With art school tuition beyond her reach, Mangubi continued painting on her own, lugging an easel around San Francisco and, later, Berkeley, where she enrolled at The University of California and majored in psychology with an emphasis in neuroscience.

As a sophomore, she took an art class, which she really enjoyed, but in order to get the full complement of classes, she had to add art as a second major, which gave her degrees in both disciplines. “I couldn’t give up the idea of taking advanced courses in neuroscience, but I was not ready to let go of my love for art either,” she says. “Unfortunately, you can’t double major in grad school.”

So Mangubi decided to take a break from her schooling. She found a job doing clinical research in psychiatry. “It was a way to make a living and stay connected with the field (of neuroscience),” she says. It also could have led to a lucrative career in psychopharmacology, but when offered the chance to become director of clinical research (at the age of 25), she turned it down and instead decided to pursue a Master of Fine Arts degree in painting at the University of Michigan. There she became involved in several installations and collaborative projects with architects and — not surprisingly — engineers.

After several temporary positions at colleges in Massachusetts and California, Mangubi moved to Corvallis, Ore., for a two-year appointment at Oregon State University, where she taught painting, drawing, and printmaking. It was there that she fell in love with the breathtaking landscapes of the Pacific Northwest, and began sketching them from the back of her pickup truck.

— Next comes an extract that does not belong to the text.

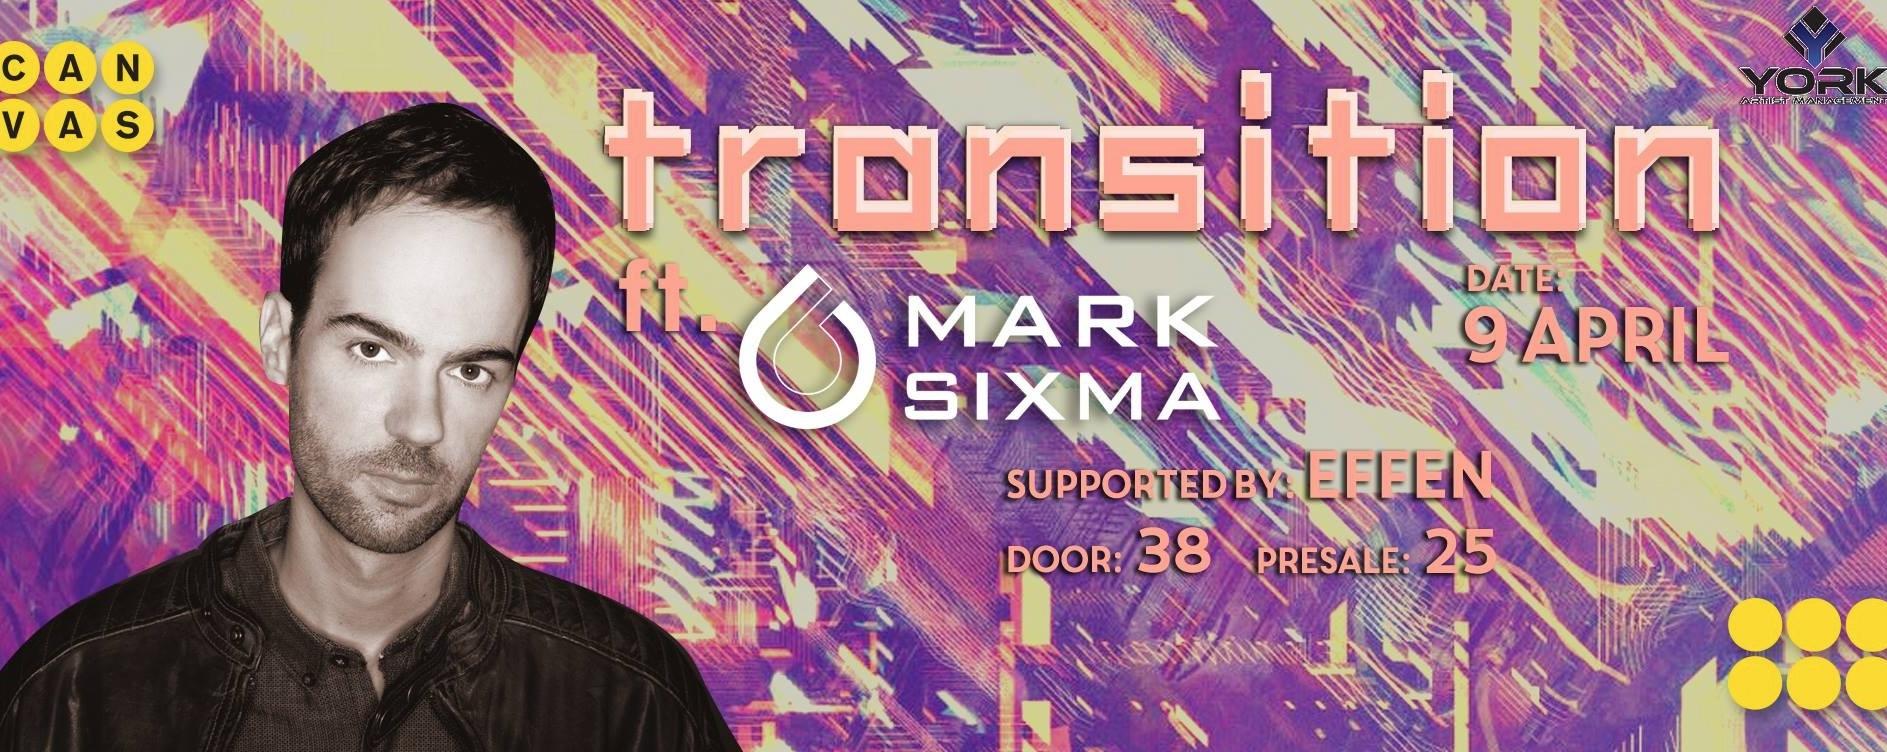 Transition ft. Mark Sixma

Rather than using conventional drawing media, Mangubi chose drypoint, a printmaking technique in which the image is “scratched” into a metal plate with a sharp needle. The grooves retain the ink applied to the plate, which is then printed on an etching press. On paper, the drypoint mark yields very fine lines. On metal, the drawn image is almost illegible. “From its elusiveness stems the challenge of this technique as well as the impetus to rely on one’s intuition,” she says.

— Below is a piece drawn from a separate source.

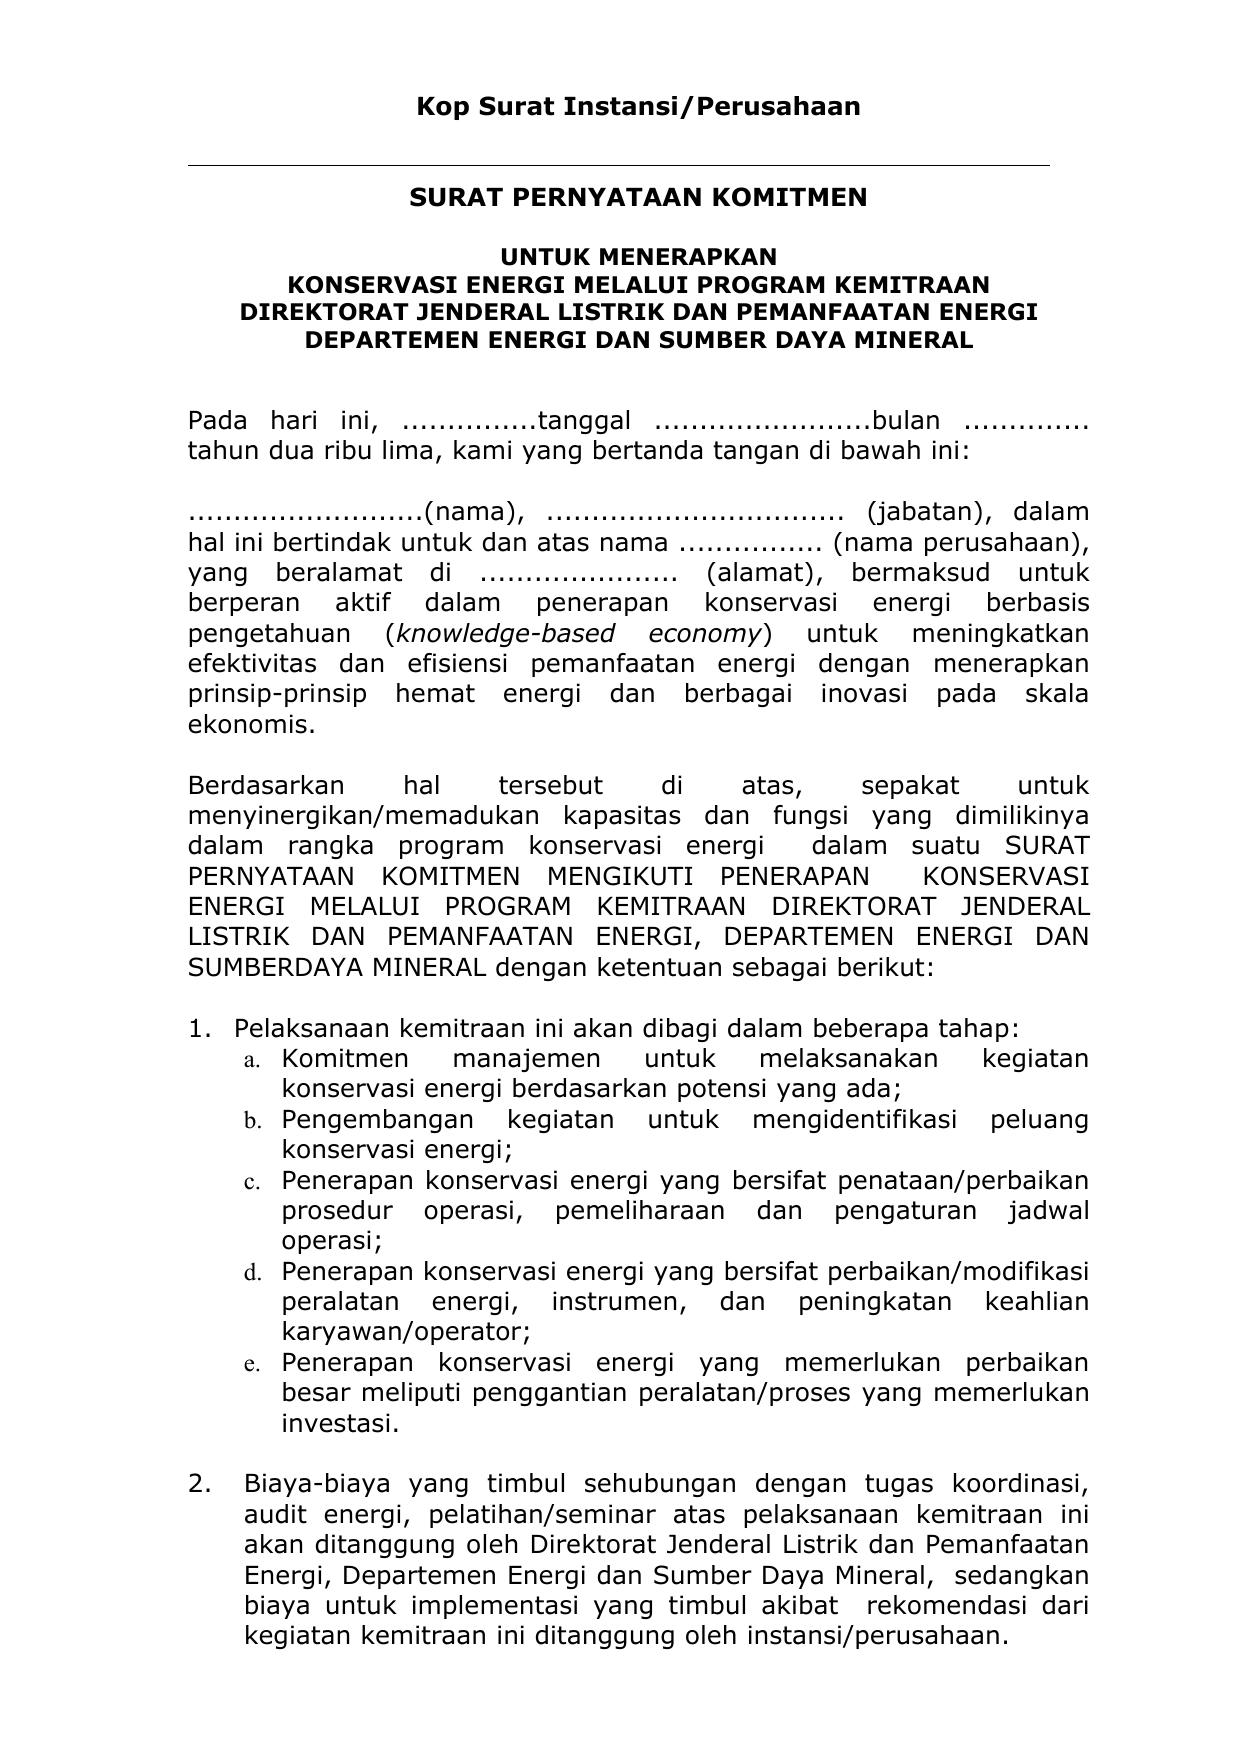 Memorandum Kesepakatan Bersama Direktorat Jenderal Listrik

The process itself is not unusual, but what Mangubi does next is. She takes those sketches and brings them to life in oil-on-board (a medium akin to the Northern Baroque tradition) on a support that defies conventions — an eight-foot long 2x4 piece of lumber, giving a miniature landscape a monumental presence.

“I draw while looking at the landscape and make a mental map of sorts,” she says. “Then, when I paint in the studio, I fill in the details and meld my imagination with the observations from the landscape. The precision forces me to understand the role of every minute detail within the continuum (a method she likens to that of calculus). The fact that calculus was invented in the late 17th century, the period also known as the Golden Age of landscape painting, is no coincidence.”

It takes one or two months of labor-intensive work (12-hour days) to complete one “board,” but it has paid off for Mangubi. In addition to numerous one-person exhibitions in the United States, she was profiled on French national television during her research leave as the Camargo Foundation Fellow in Cassis in 2004.

Mangubi, who has adjusted well to life at this small Midwestern liberal arts college, was initially attracted to Wooster by its friendly atmosphere and striking art facilities, but it was an Independent Study (Wooster’s nationally acclaimed senior capstone project, which matches a student with a faculty member in a yearlong project) exhibition that sealed the deal. “I was very impressed with the quality of the students’ work,” she says. “I felt it was on par with much of the graduate-level work I had seen.”

Now in her eighth year, Mangubi continues to be impressed with and committed to her students. “I am very focused on giving them the means to express what they want to say through their art,” she says. “I think it is important to show students what it’s like to be an artist.”